On 28 February 2005, Willbros Group Inc., said that it was restating financial reports from 2002 on and forecast 2005 earnings far below Wall Street estimates. The adjustments would lower 2002 profit by $900,000, widen the 2003 loss by $2.6 million.

On 14 May 2008, the United States Securities and Exchange Commission filed a suit against Willbros Group and its former managers due to multiple violations of the Foreign Corrupt Practices Act in Nigeria, Ecuador and Bolivia in 2003–2005. Willbros agreed to pay US$32.3 million in penalties while two of its former managers were sentenced to more than a year in prison.
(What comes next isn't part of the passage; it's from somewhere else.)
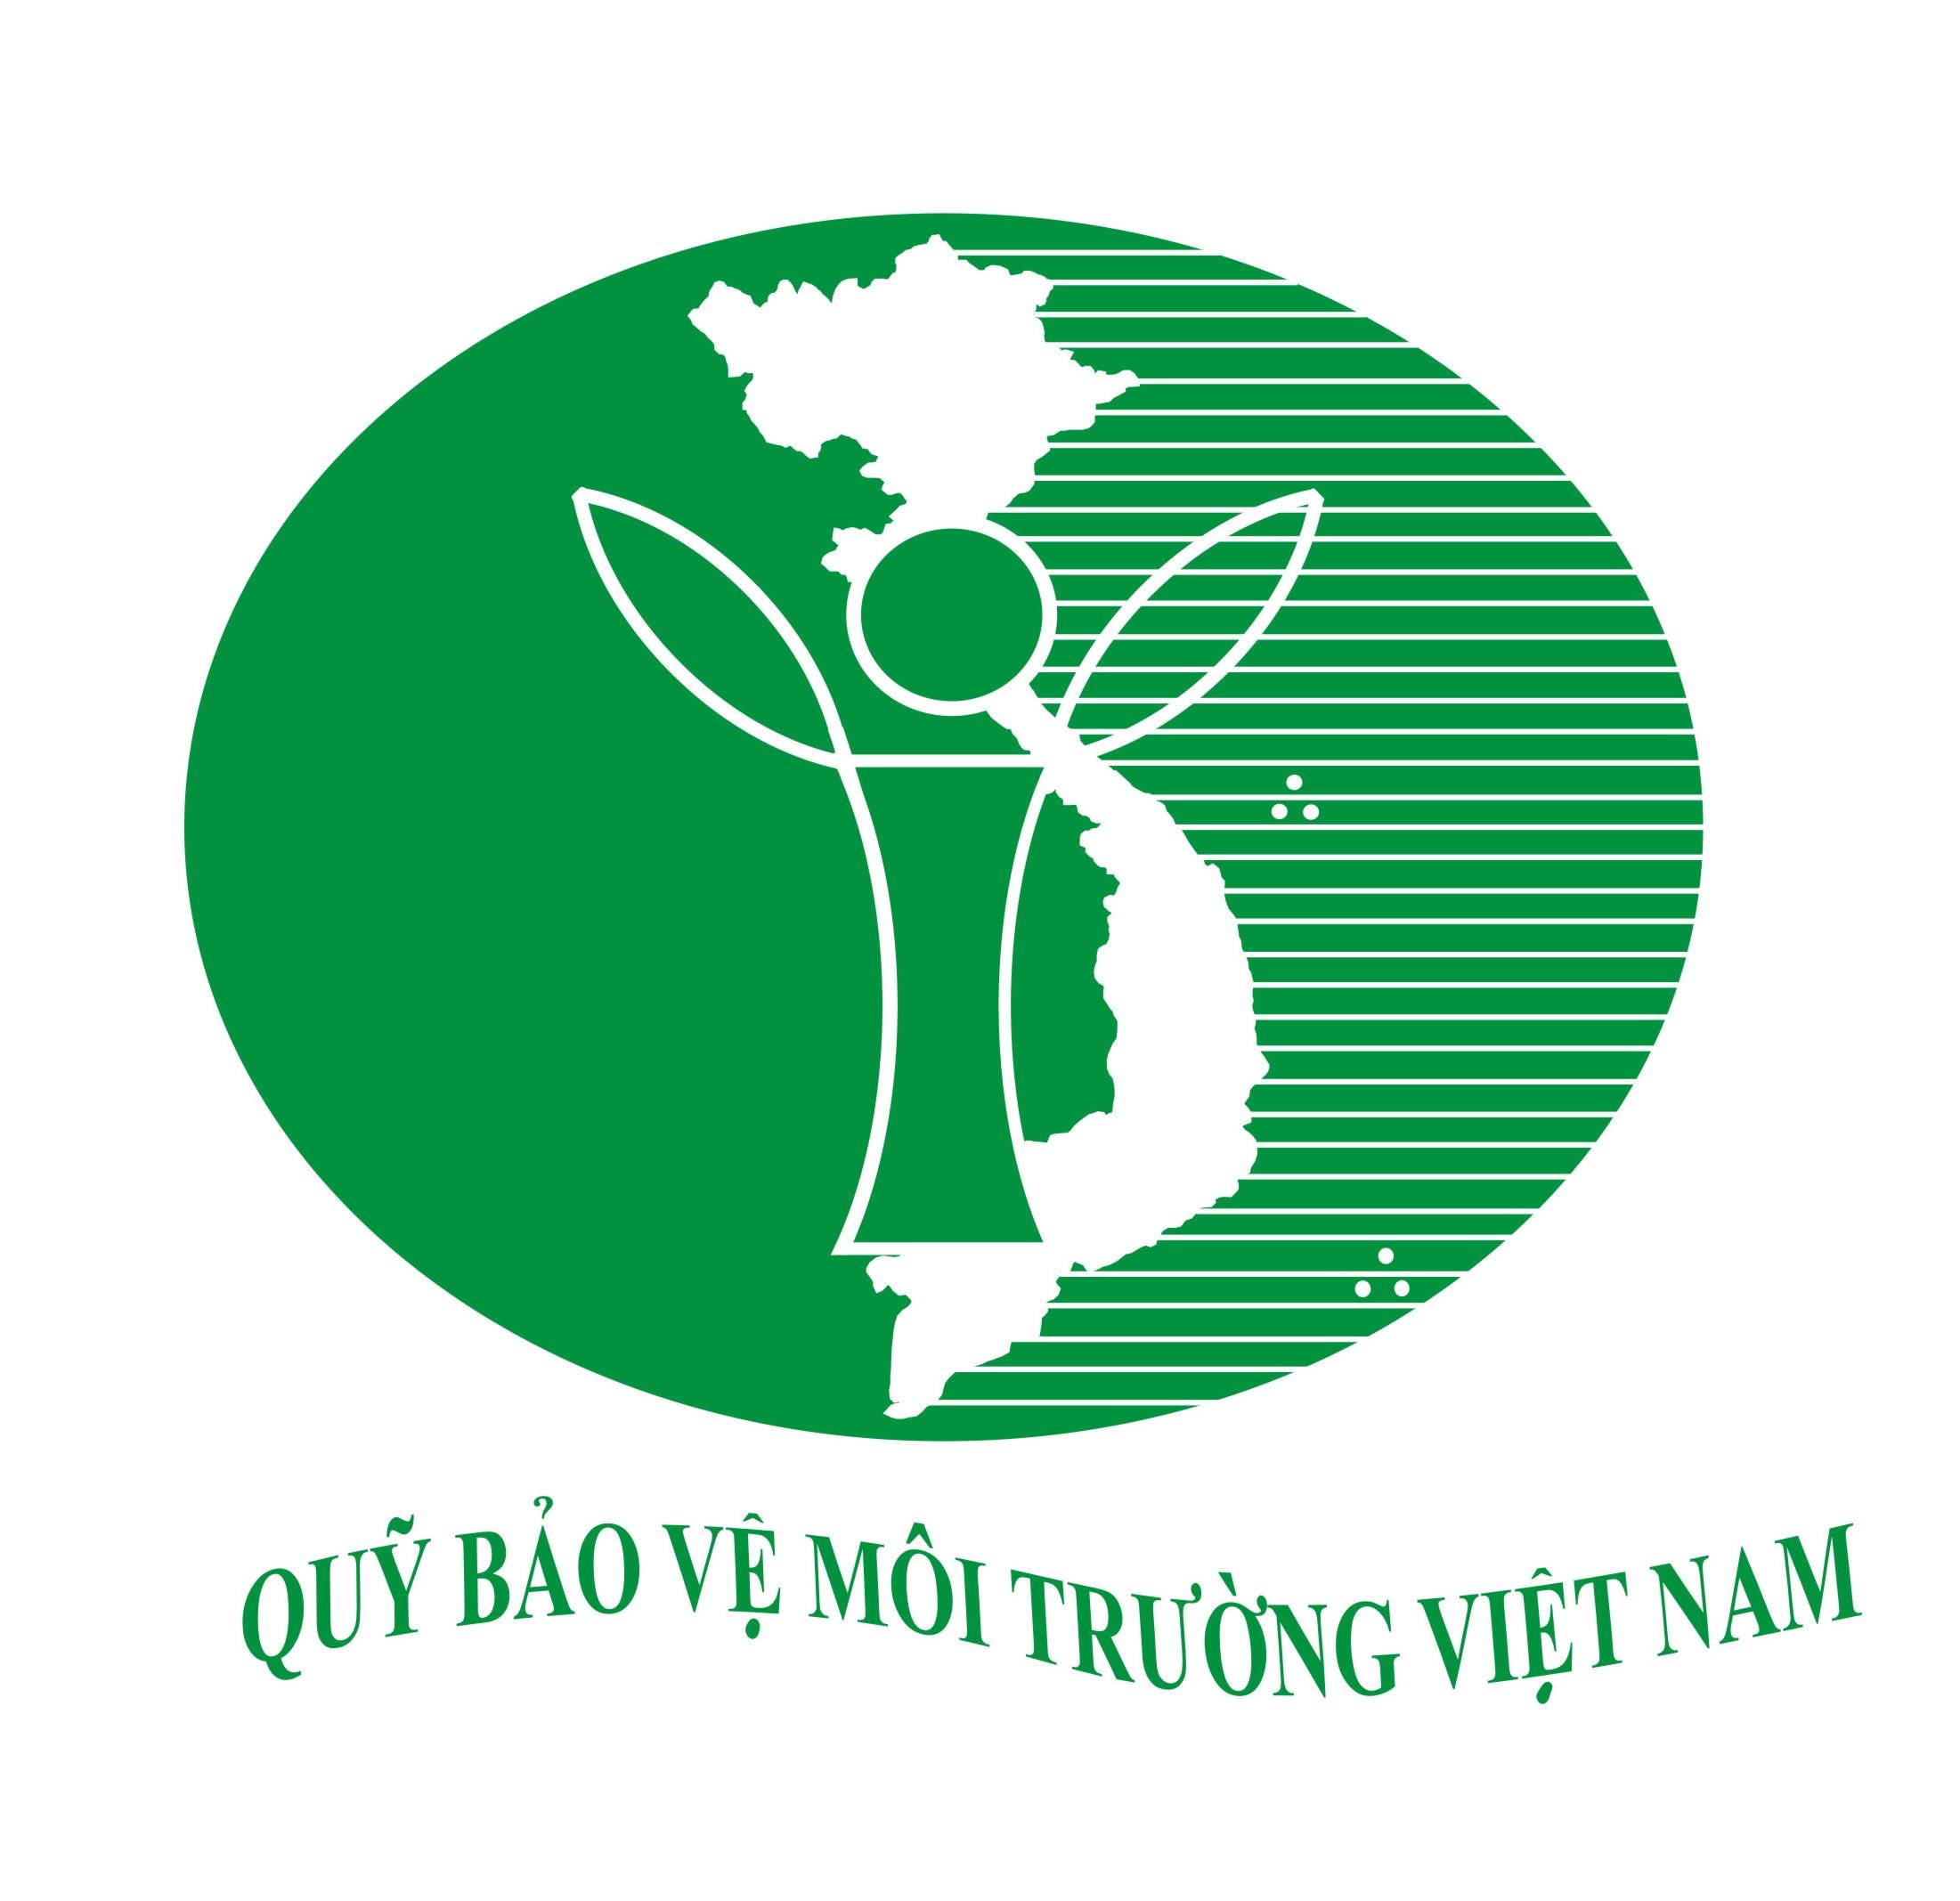 de xuat nang muc von dieu le cua quy bao ve moi truong viet nam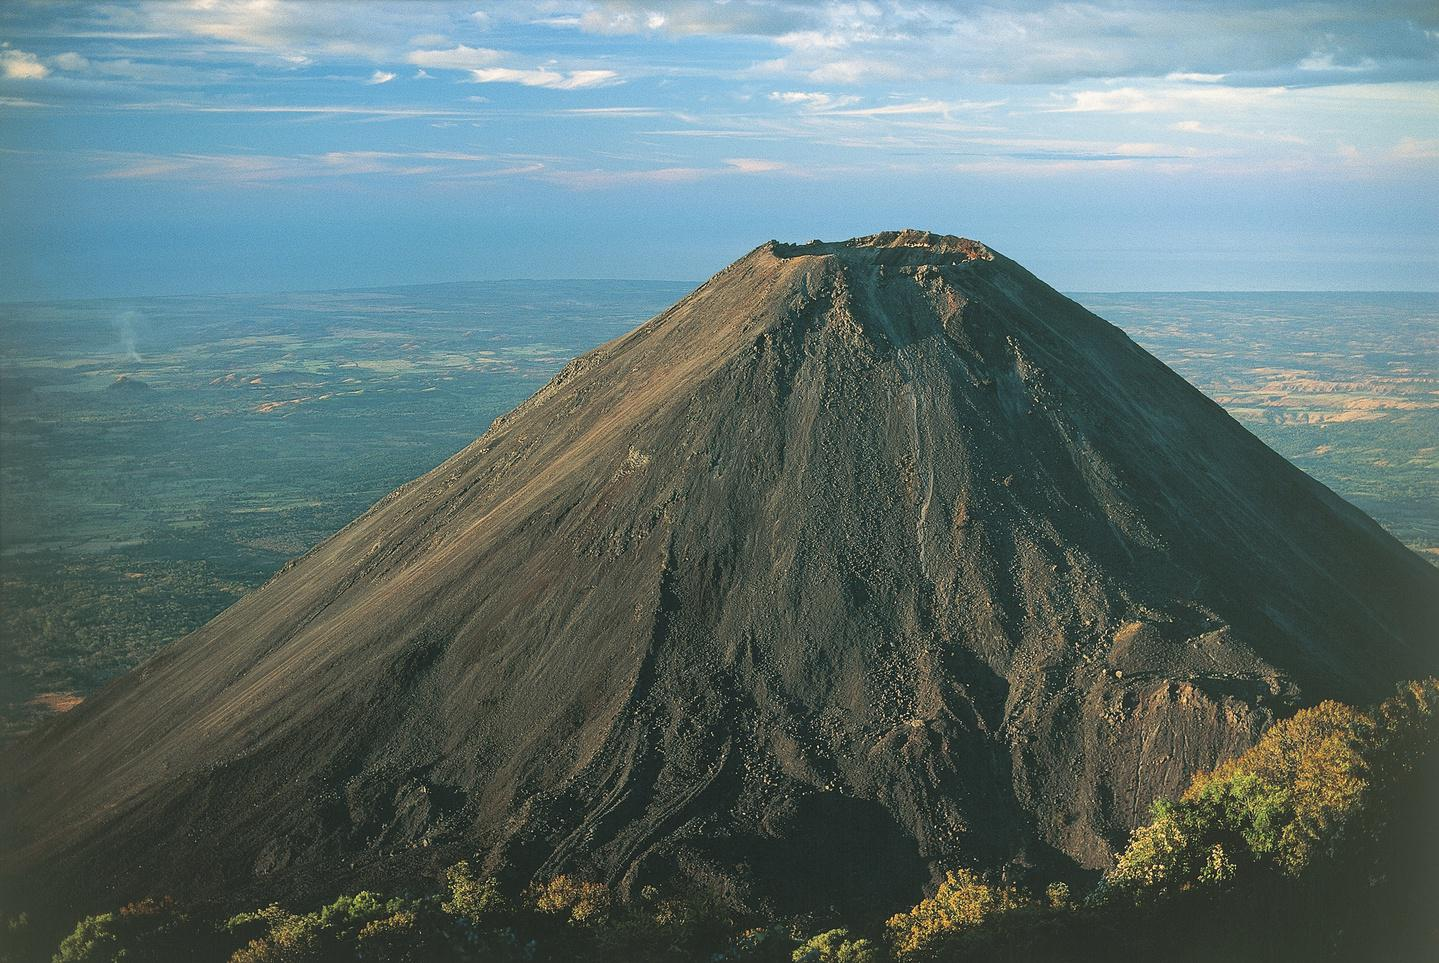 Valcano on a landscape, Izalco, Sonsonate, El Salvador

In 2010, Willbros expanded its activities from the oil and gas industry services to the electric transmission and distribution market by the acquisition of InfrastruX Group for about $480 million.

In September 2011, Standard & Poor's lowered Willbros Group's credit ratings to B+ with a negative outlook.

In November 2015, it was announced Michael Fournier was named chief executive officer. Fournier was the Chief Operating Officer before being appointed to this post.

In March 2018, Primoris Services Corporation announced that it will acquire Willbros Group, with the transaction expected to be completed in the second quarter of 2018.